Segment Open

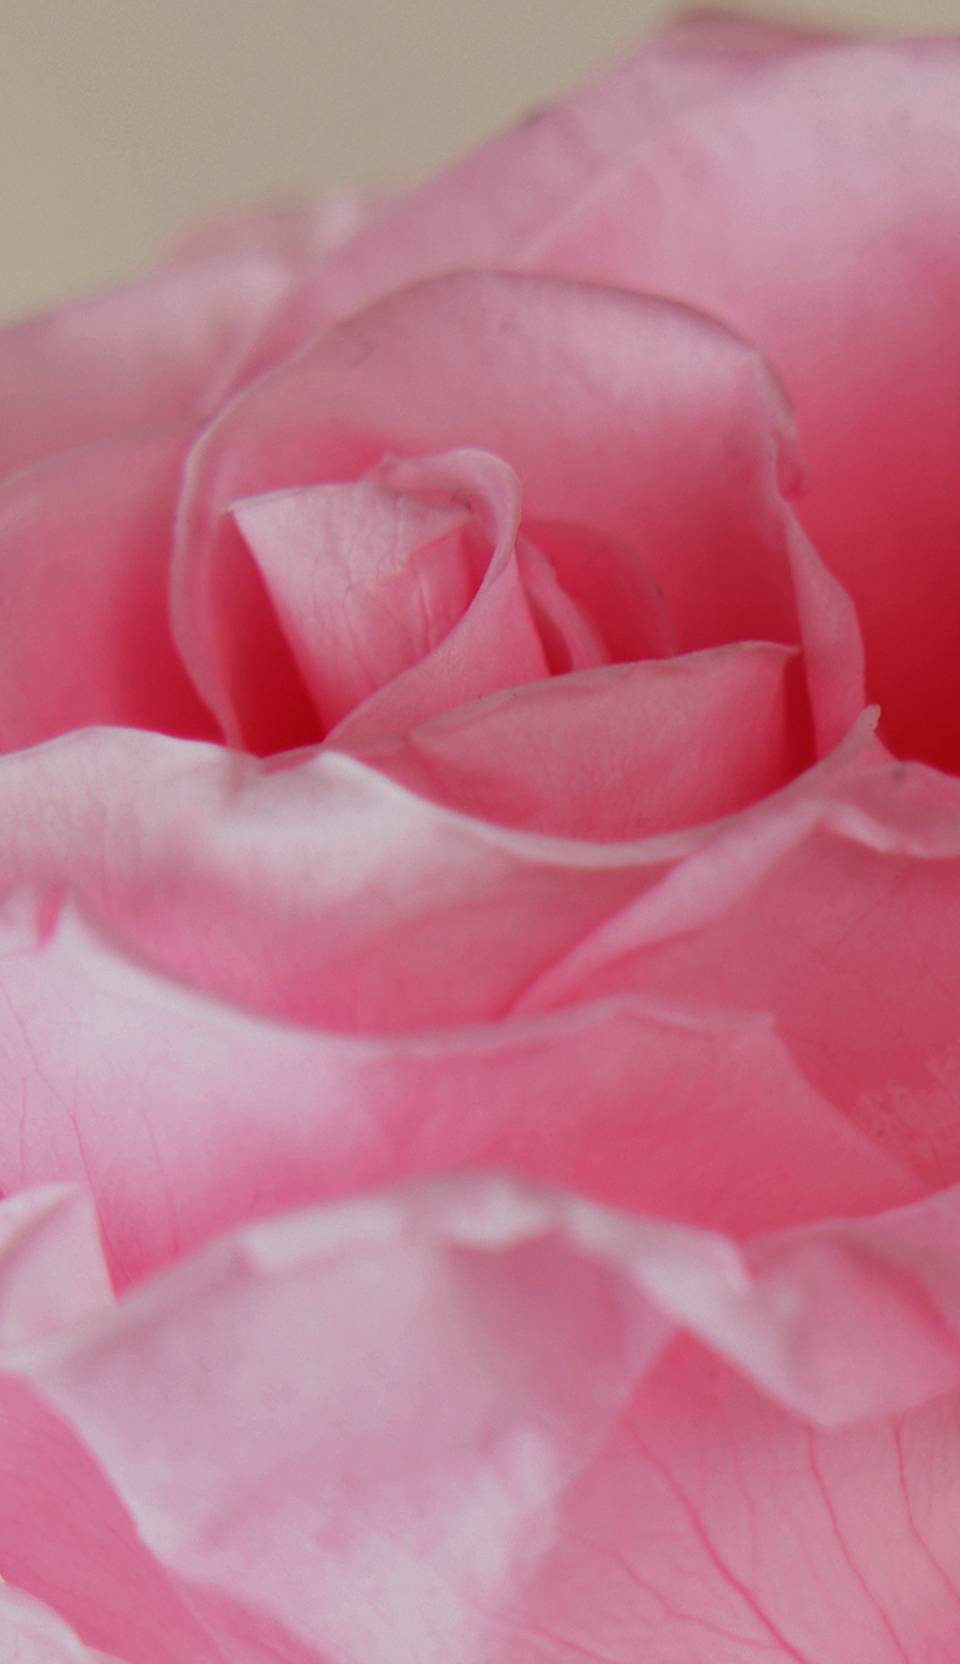 up close visual of bright pink rose
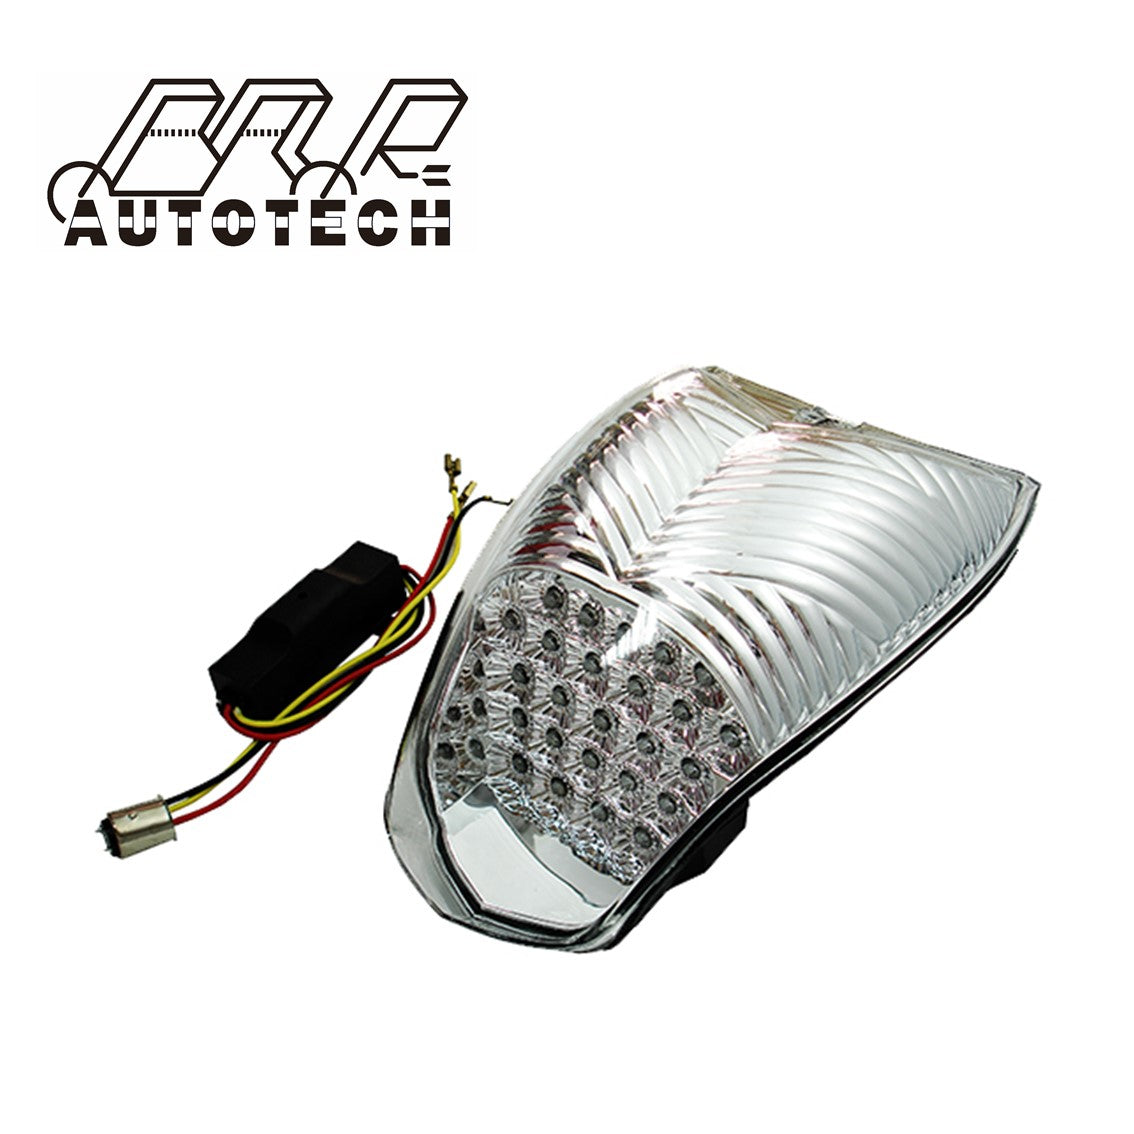 For BMW K1200S K1200R integreted Motorcycle LED Tail Light for brake lamp
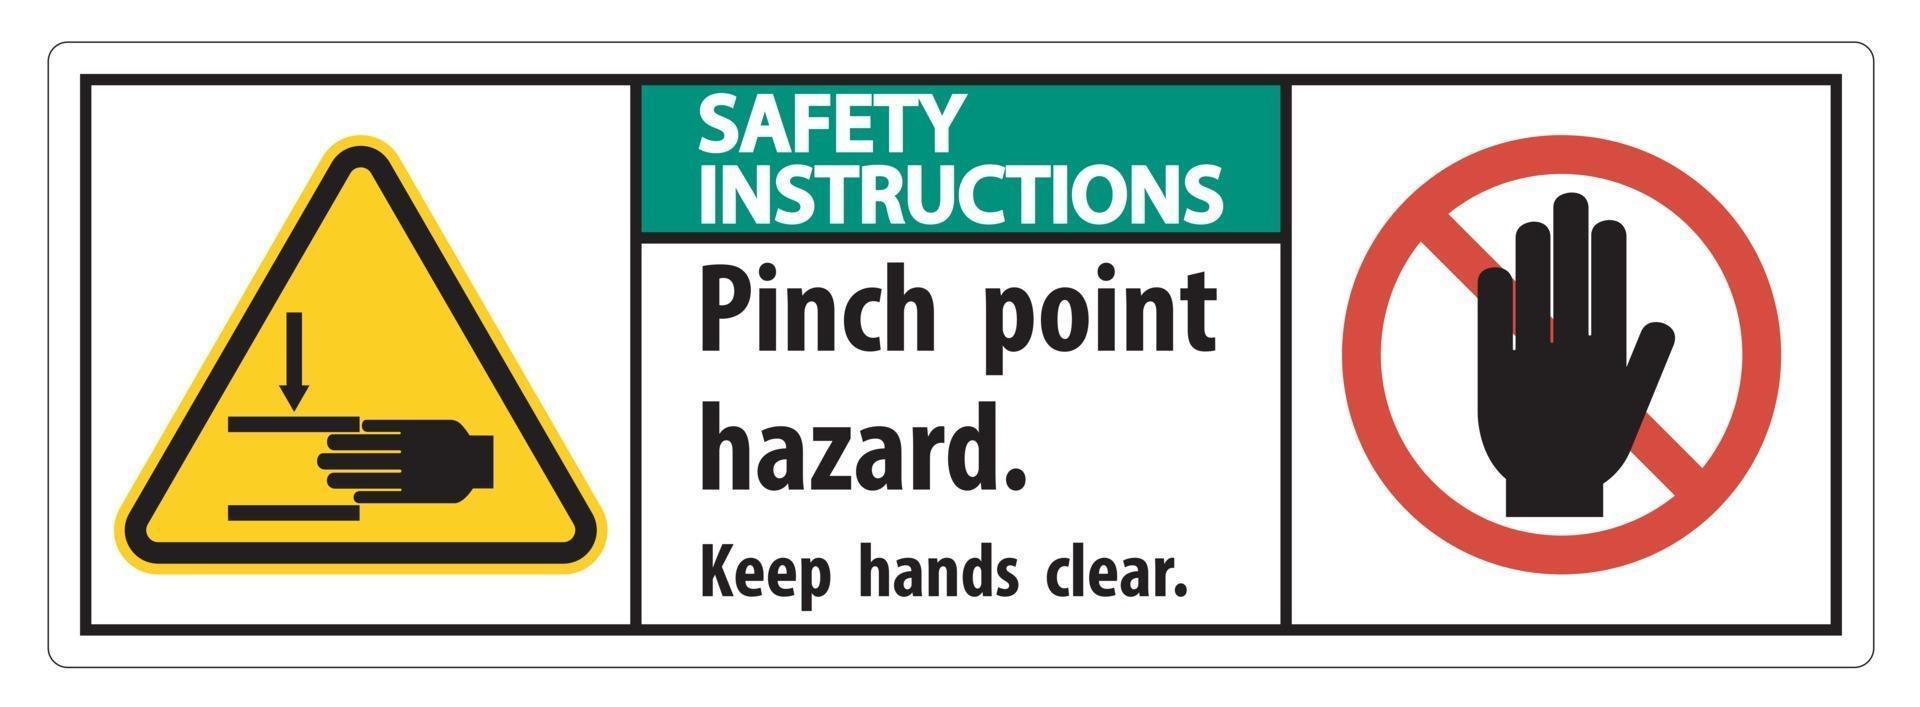 instruções de segurança perigo de ponto de esmagamento, mantenha as mãos livres vetor
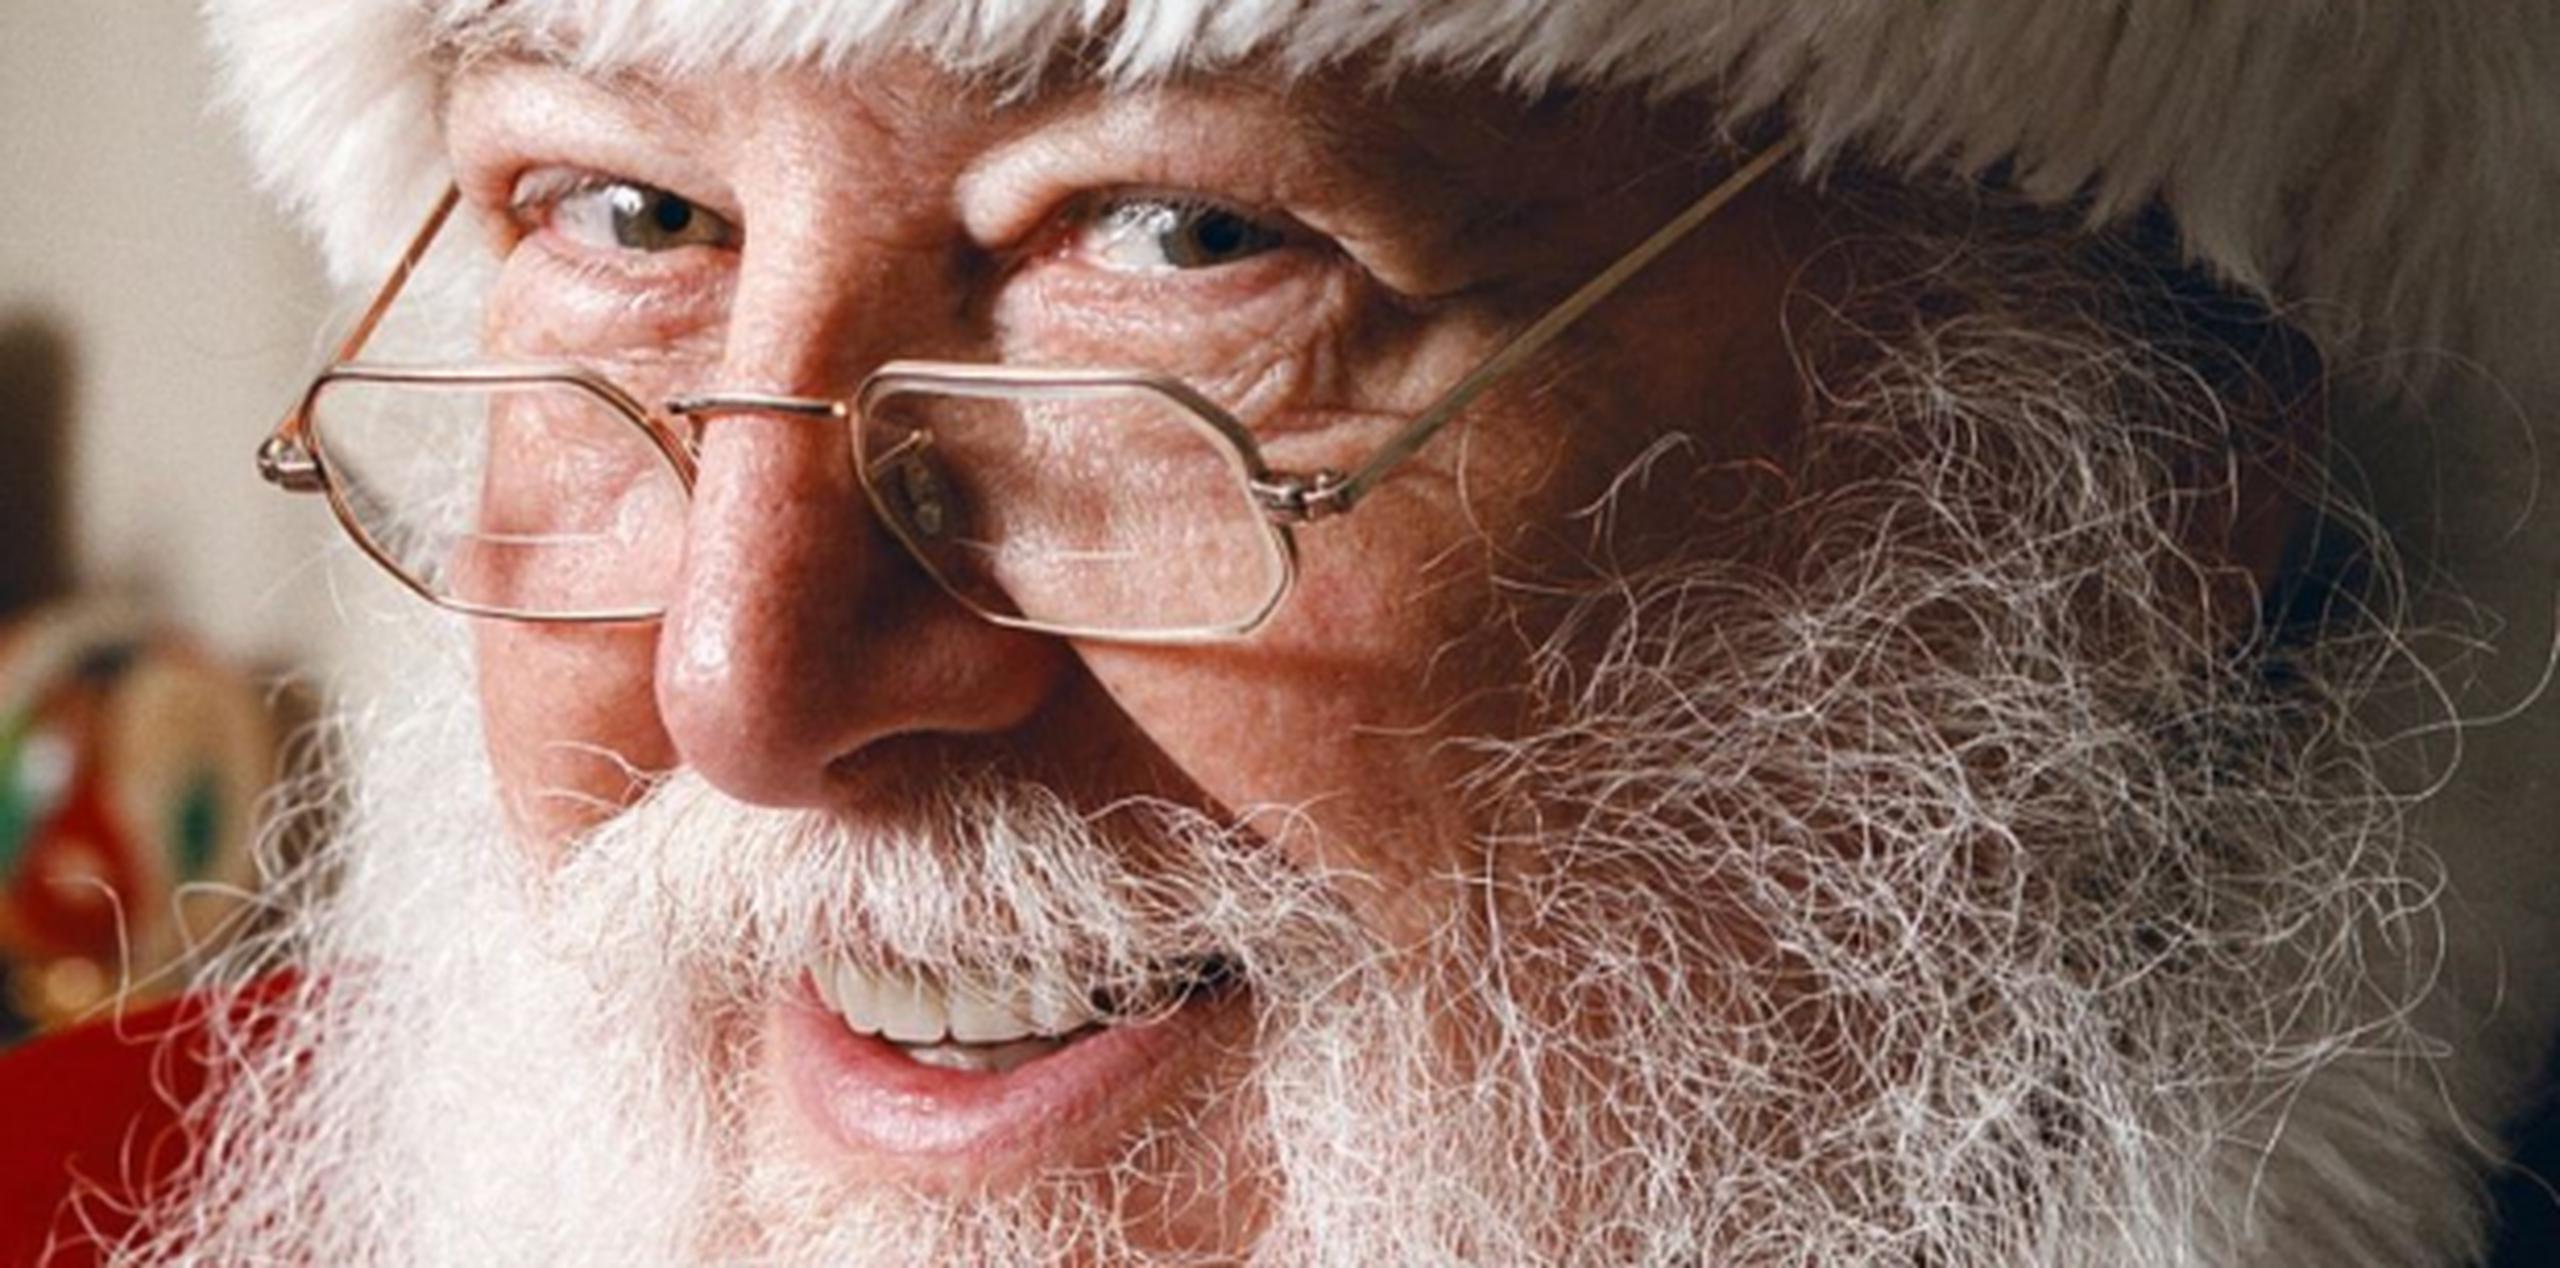 Ya Santa salió de su casa en Polo Norte a repartir regalos por el mundo. (Archivo)
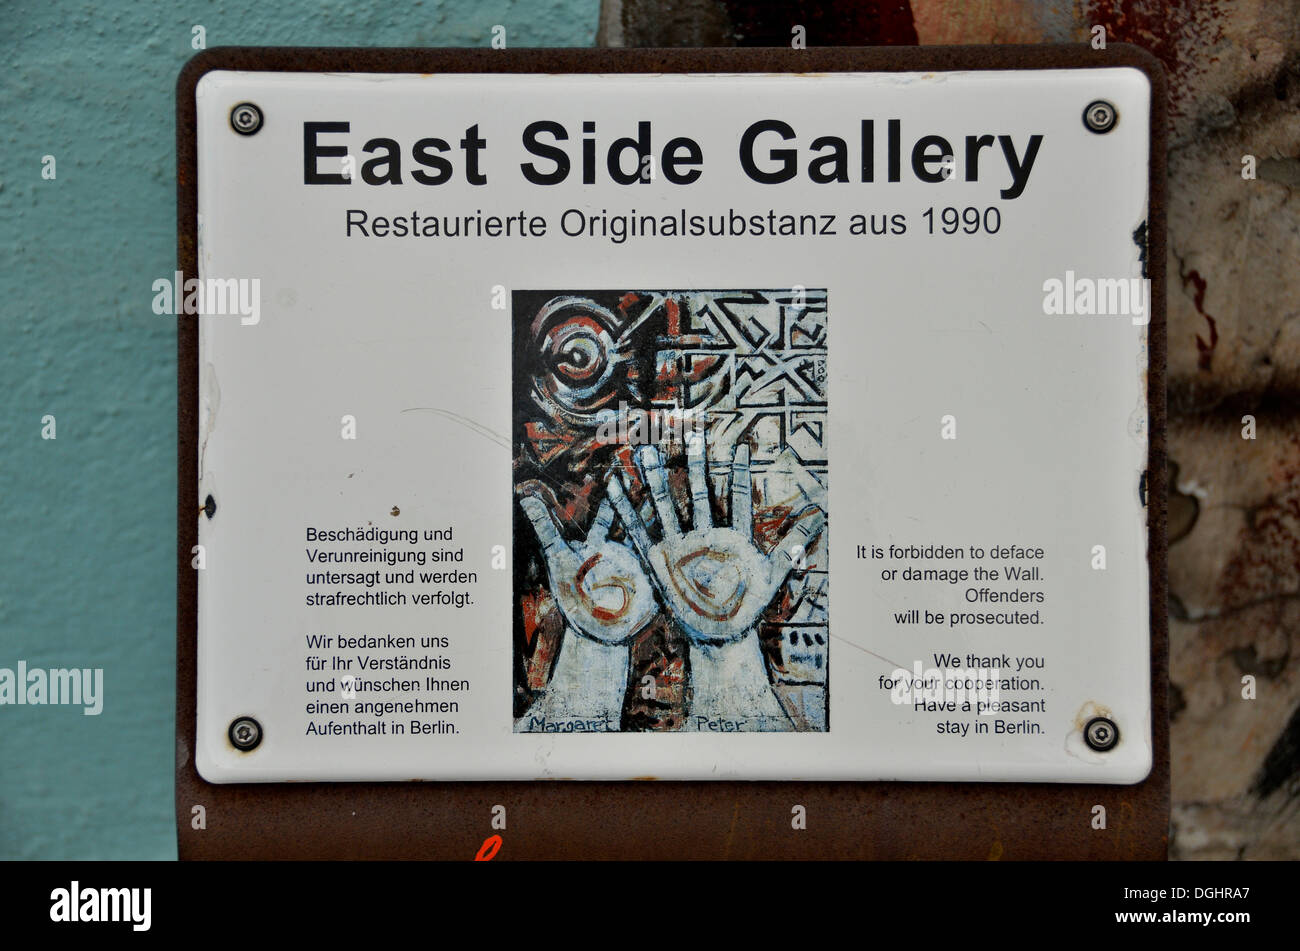 Cartel "East Side Gallery" sobre los restos del muro de Berlín, la East Side Gallery, Berlin-Friedrichshain, PublicGround Foto de stock

Segment Closed

ACTION ITEM.
Restate the full listing verbatim and drop every picture.

SOLUTION TO THE EXERCISE.
 up close visual of bright pink rose
 For BMW K1200S K1200R integreted Motorcycle LED Tail Light for brake lamp
 instruções de segurança perigo de ponto de esmagamento, mantenha as mãos livres vetor
 Ya Santa salió de su casa en Polo Norte a repartir regalos por el mundo. (Archivo)
 Cartel "East Side Gallery" sobre los restos del muro de Berlín, la East Side Gallery, Berlin-Friedrichshain, PublicGround Foto de stock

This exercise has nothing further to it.